Это очаровательная книга для праздников. Не то чтобы ей требовался такой временный повод, чтобы вызвать интерес, будучи возвышенной своей внутренней ценностью над тем классом книг, о которых можно сказать, что они почти полностью зависят от таких искусственных случайностей ради любого успеха, на который они могут разумно надеяться. Это, независимо от времени или повода, подлинная книга рассказов, адаптированная особенно для детей в возрасте от шести до шестнадцати лет, но не, как это обычно бывает в книгах для детей, ограниченная этими узкими рамками в любом направлении; поскольку есть кое-что для любого ребенка, который может, как предполагается, иметь интерес к повествованию, и очень много для каждого человека, обладающего гением, согласно известному определению гения Кольриджа — а именно, что это сила детства, перенесенная в развитие мужественности.
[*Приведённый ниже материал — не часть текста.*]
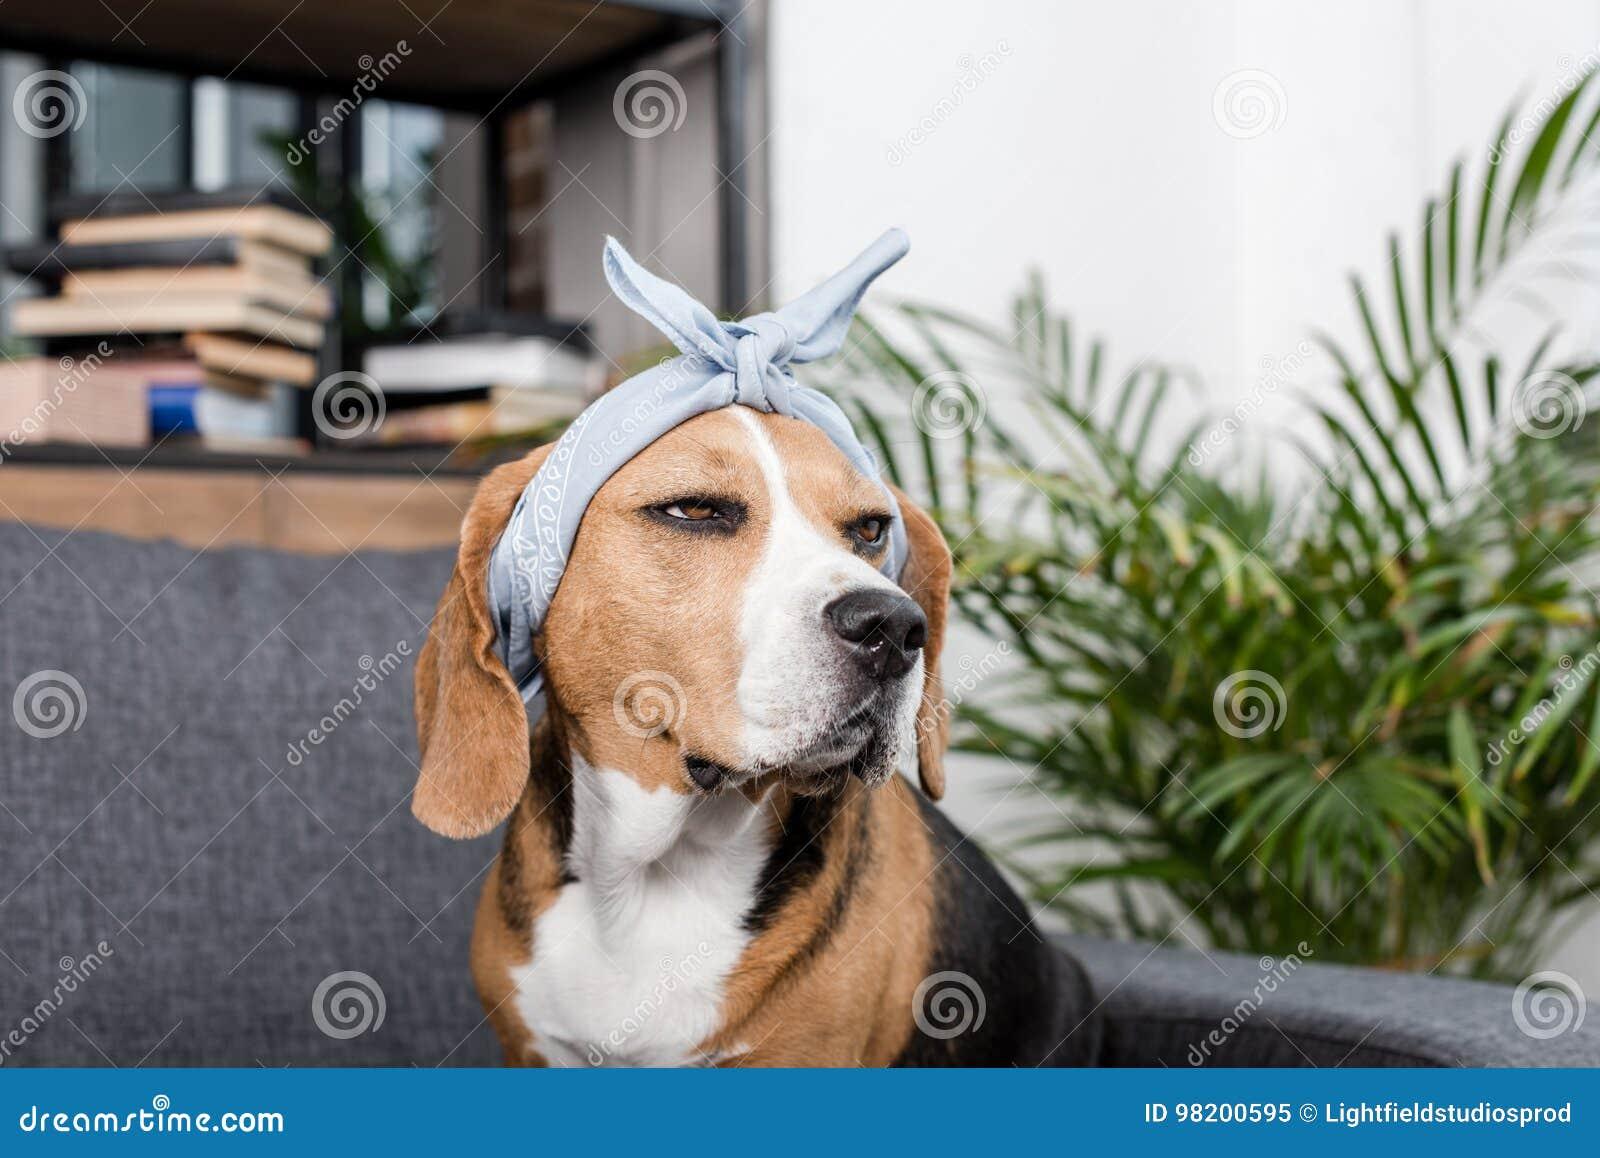 Download Собака бигля в сером Bandana сидя на софе Стоковое Изображение - изображение насчитывающей блестящий, разведенными: 98200595

Это, действительно, говорит довольно много, что можно было бы сказать об общих чертах книги, и больше, чем можно было бы сказать о любой другой детской книге, за исключением одних лишь неподражаемых историй Ганса Андерсена.
Говоря о книге в сравнении с произведениями Ганса Андерсена, она более сознательно является произведением искусства в интеллектуальном смысле; она более сложна в инциденте, или, скорее, мы должны сказать, в проработке инцидента, преимущество это для нее или нет. Почти в каждом случае истории Ганса Андерсена могли быть рассказаны отдельно от книги — действительно, это правда, что многие из них были так рассказаны детям, которых датский сказочник случайно встречал, прежде чем они были преданы письму; и они были написаны, мы полагаем, очень похоже на то, как они были рассказаны. Семь историй, из которых состоит эта книга, с другой стороны, ни одна из них не могла быть рассказана естественно и при этом сохранить все художественные особенности, которые им присущи, как они написаны. Как в их развитии больше интеллектуальной сознательности, придающей им больше законченности и большей многоформности как продуктам искусства, так и в их замысле больше глубины идеи. Писатель, очевидно, не удовлетворен простым повествованием; движение его историй в его глазах важнее, чем инцидент, и ради первого должно было быть значительное пожертвование последним — то есть, большая часть инцидента, которая могла бы быть дана в простом повествовании, была опущена, потому что она испортила бы формальный замысел.
Из того, что было сказано, будет очевидно, что книга не из тех, которые предназначены воздействовать на читателя главным образом через щепетильную совесть, или, действительно, отличительно через совесть вообще. Она обращается к воображению преимущественно, и через него — к воле. Величайшее достоинство книги в том, что она предназначена для культуры и развития воображения у детей — способности, почти полностью игнорируемой, или, что еще хуже, зачастую деспотически подавляемой и пресекаемой у детей.
В «Трех желаниях» для ребенка раскрывается тайна труда и поклонения; но все это достигается через инциденты, обращающиеся целиком к воображению, и с прекрасным искусством. «Маленькие потерпевшие кораблекрушение» — на самом деле преднамеренный фарс, «пародирующий» истории с похожим инцидентом, написанные для более старших людей — является, тем не менее, само по себе для ребенка гораздо большим, чем то, что таким образом «пародируется», когда-либо могло быть для более старшего и более романтичного читателя. «Слон-скала» полон юмора и воображаемого пафоса. «Волшебная вечеринка-сюрприз» так же деликатна, как рисунки Джека Фроста, сквозь которые любопытно движутся все события истории. «Новогодний день в саду» обладает такой же деликатностью и даже большей красотой.
Во всех историях есть очеловечивание всех введенных элементов, даже самых материальных. Мы уверены, что усилия автора увенчаются успехом. Дети, конечно, и все те, кто особенно интересуется детьми, встретят книгу с восторгом. Она прекрасно иллюстрирована Ф.А. Чепменом, который, очевидно, не пожалел усилий, чтобы сделать ее привлекательной. Гравюры, скажем в их пользу, не слишком прямолинейно наводящие на мысли, как это обычно бывает, но, благодаря своим деликатным намекам, особенно красивы.